We don't have to reverse engineer the legal documents, so to speak, any more to try to figure out what Randall Davis's Declaration says. We have it, thanks to the indefatigable Frank Sorenson. Being a paper exhibit, it was scanned in, which means it's a large file and a little hard to read. But it's readable, and a very enjoyable read it is.

He is a Professor of Computer Science at MIT, as most of you know, and that's not telling one-tenth of the story. More on his credentials, which are amazing, in the attached Exhibits and the first few paragraphs of the Declaration.
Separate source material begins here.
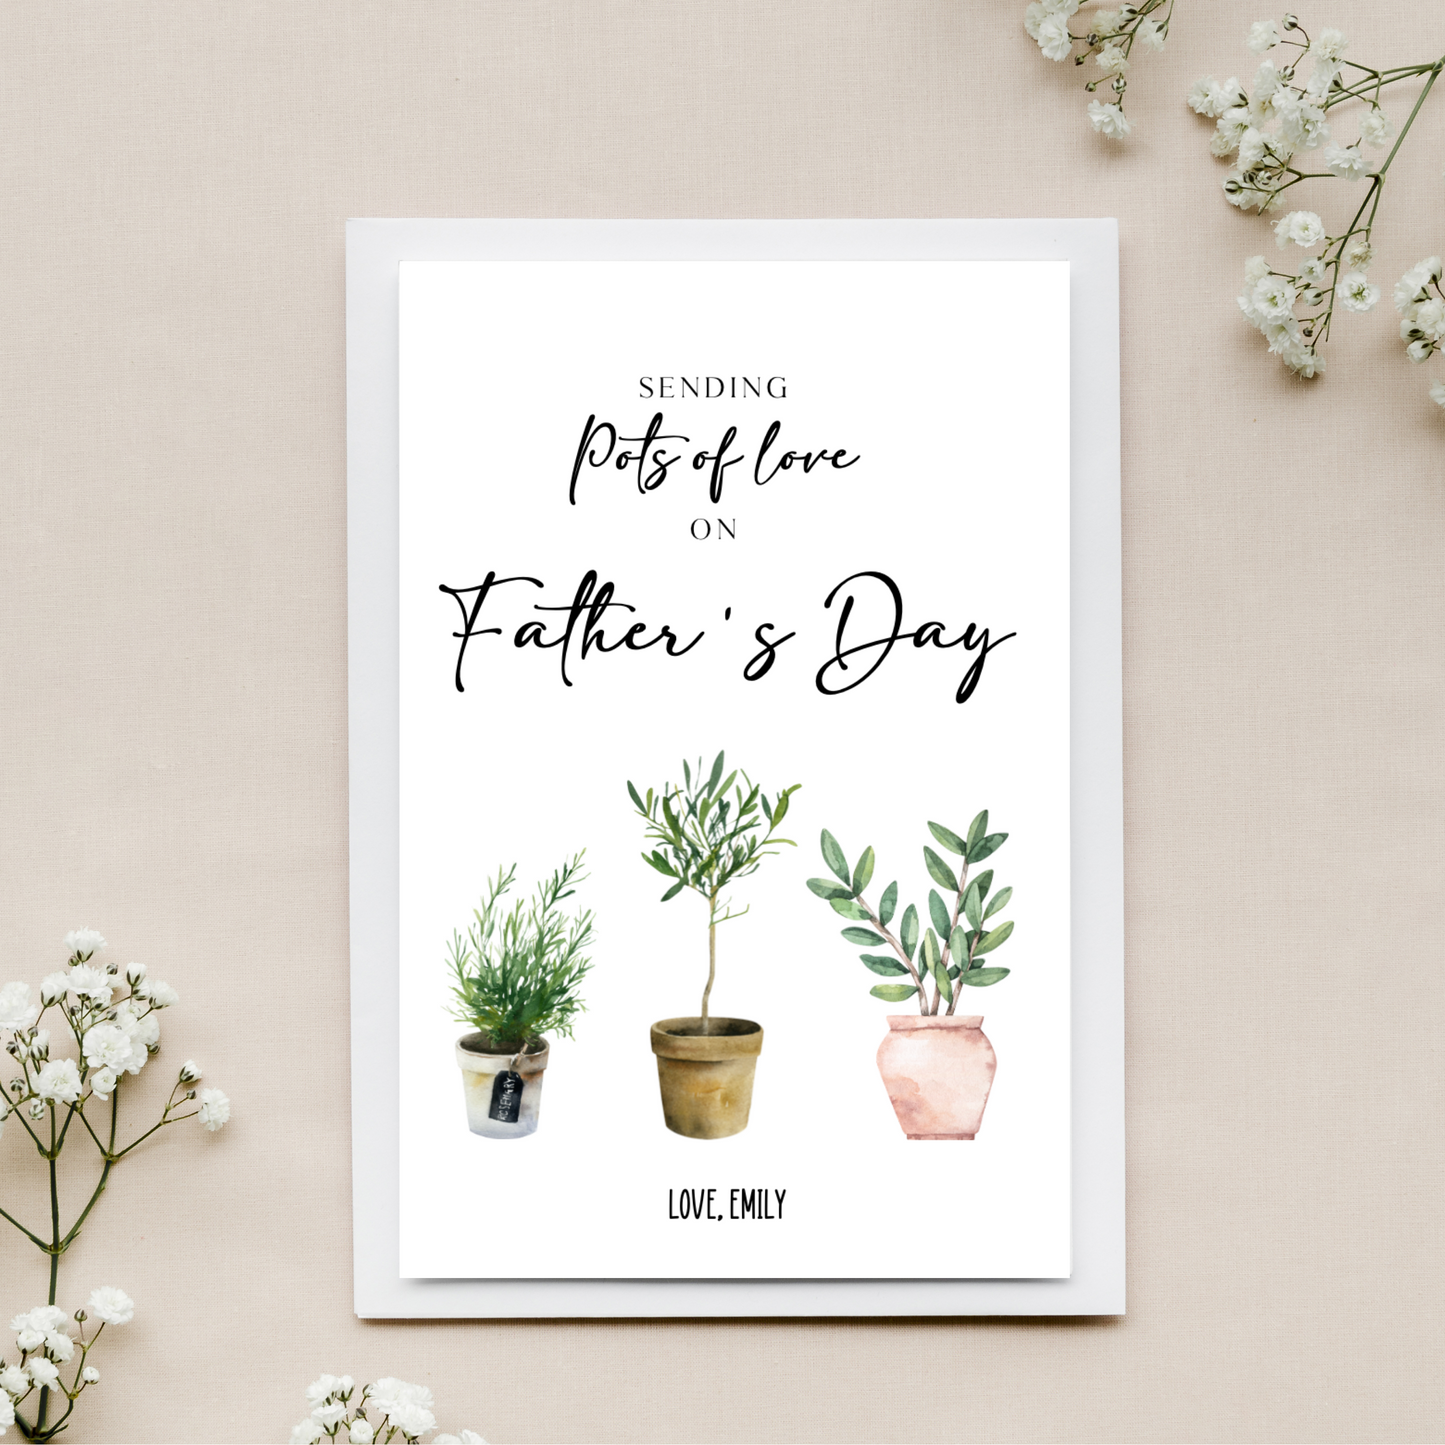 With Pots Of Love On Father's Day Card

You will notice how IBM establishes him as an expert ("From 1995-1998 I served on the Scientific Advisory Board of the U.S. Air Force... I have served as a member of the Advisory Board to the US Congressional Office of Technology Assessment study on software and intellectual property . . . From 1998-2000 I served as the chairman of the National Academy of Sciences study on intellectual property rights and the emerging information infrastructure...I have been retained as an expert in over thirty cases dealing with alleged misappropriation of intellectual property, such as the allegations raised in this case, and have done numerous comparisons of code. . . . In 1990 I served as expert to the Court . . . in Computer Associates v. Altai, a software copyright infringement case that articulated the abstraction, filtration, comparison test for software. . . .", etc.), and now contrast how SCO introduced Sandeep Gutpa and Christopher Sontag (more or less= "I am an employee of SCO.").

Some highlights:

"11. In summary, I find fundamental errors in Mr. Sontag's conclusions. He grossly exaggerates what is required to determine whether there is substantial similarity between Linux and SCO's allegedly copyrighted works. In fact, the materials necessary to determine substantial similarity have been available to SCO for years (at least since it acquired access to the allegedly copyrighted works in 2001). Tools capable of efficiently evaluating that material have also been publicly available to SCO for years. The task Mr. Sontag says could take 25,000 man years to complete should take capable programmers no more than several months. . . .

"18. As stated, SCO has had, since before the initiation of this case, all the raw material it needs to find any alleged substantial similarity between Linux and Unix. It of course has all relevant versions of Unix; it can get any version of the Linux kernel from publicly available web sites. As one example, www.linuxhq.com contains every version of the Linux kernel since the original 1.0.0 and a complete history of every change made to every kernel file over its entire development history. . . .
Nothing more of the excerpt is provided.